You must select the appropriate source and related CSV file.
Display Source Info
This option will display the source information of the record.
Clear Output Folder
All files generated will be placed in the “Output” folder located in the same directory as the application. This option will clear all previous files generated prior to running the application again.
Report Output – HTML or PDF
Chats can be exported as either HTML or PDF files.
HTML – Export as HTML5
Benefit: Images, Videos and other file attachments can be clicked to open in external application.
PDF – Export as PDF
Benefit: Ideal for generating reports
Output – Final Records
The files generated will be placed in the “output” directory located in the same folder as the application.
Each Chat Group will have its own folder which will contain the PDF and all files required to generate the PDF including an HTML page.

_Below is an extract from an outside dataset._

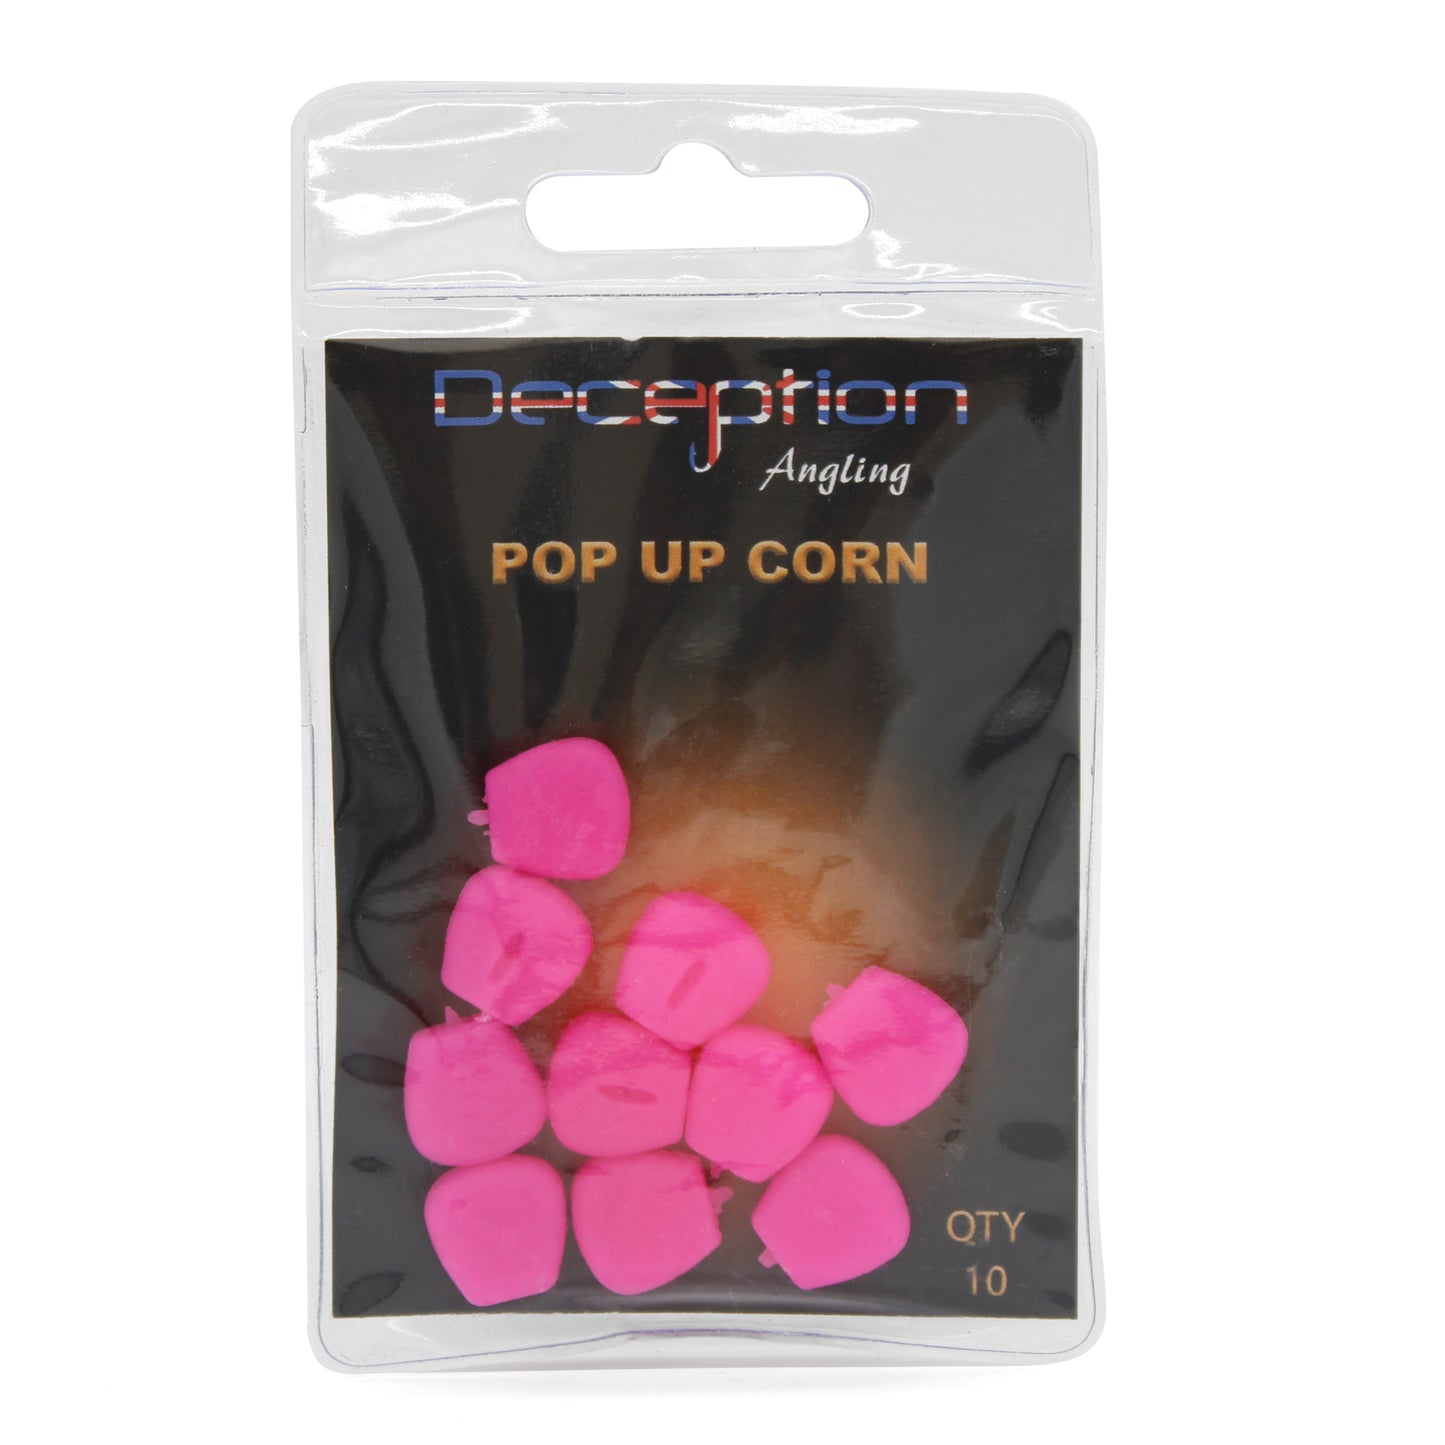 Deception Angling Pop Up Corn for Fishing in Pink

To make reporting easier, all PDFs are also copied into the _PDFs folder. This allows you to quickly view and merge all PDFs using Adobe Acrobat for your final report.
A log is generated during program execution. This is displayed in both the main window of the application and in a separate “App.log” text file located within the application folder.
Extractions will often contain deleted records and images. If a record is deleted, it will clearly show ‘deleted’ below the message. In situations were only a partial record has been obtained and the date is showing as 2005, then the application will provide a warning to the user.
Often with deleted records, although the record is obtained, the original attached image is no longer available within the applications folder. However, past cases have shown that the image can often be found in different areas of the device, including the DCIM folder.
For this reason, you have the option to output All Images from the extraction and have the app attempt to find the missing image based on filename. Investigations that rely on the sending/receiving of images as part of the offense will see the most benefit from this feature. Since the image is only matched based on filename, the resulting message will show a thick red border around the images which were found in this manner to clearly show the reader of your report that the image isn’t necessarily the image that was sent or received.
What Type of Chats does this work with?
This application has had limited testing (see Disclaimer below) but is believed to work with all SMS/MMS and Chat conversations exported from UFED PA.
Limited tested has been conducted, so please advise of any “bugs” with information on how to replicate the issues. I will attempt to correct any found “bugs” as soon as possible.
Known issues include:
- Emotion icons – These do not display properly. Instead they are displayed as “??”
- SMS & MMS MUST be exported via Timeline.
- iMessages & Chat Messages MUST be exported via Chat section
Future Plans for Application
My plan with this application is to continue to add new features as requested and fix any bugs/issues discovered.
In the future, I plan to add the ability to:
- Display EXIF data of images
- Highlight messages (that were starred in UFED PA)
- Display Investigator Notes (that were added in UFED PA)
- Customize appearance
- Work with all Chat apps displayed in Cellebrite PA.
However, the creation of an app is time-consuming. I only plan to add updates/changes if there is enough user feedback from the community (you). So if you think this application is useful or could be useful with further fixes and tweaks, please post a comment below.
If you have good test data that you are willing to share, please email me so that I can update the examples with more complex data.
Please always remember, this software product is in BETA TESTING and all information should be confirmed to be accurate prior to use in any criminal or civil proceedings. The author of this software and the sites this software is hosted on do NOT TAKE ANY RESPONSIBILITY FOR INFORMATION BEING INACCURATE. YOU ARE EXPECTED TO TEST AND MANUALLY VALIDATE THE RESULTS EVERY TIME YOU USE THIS SOFTWARE.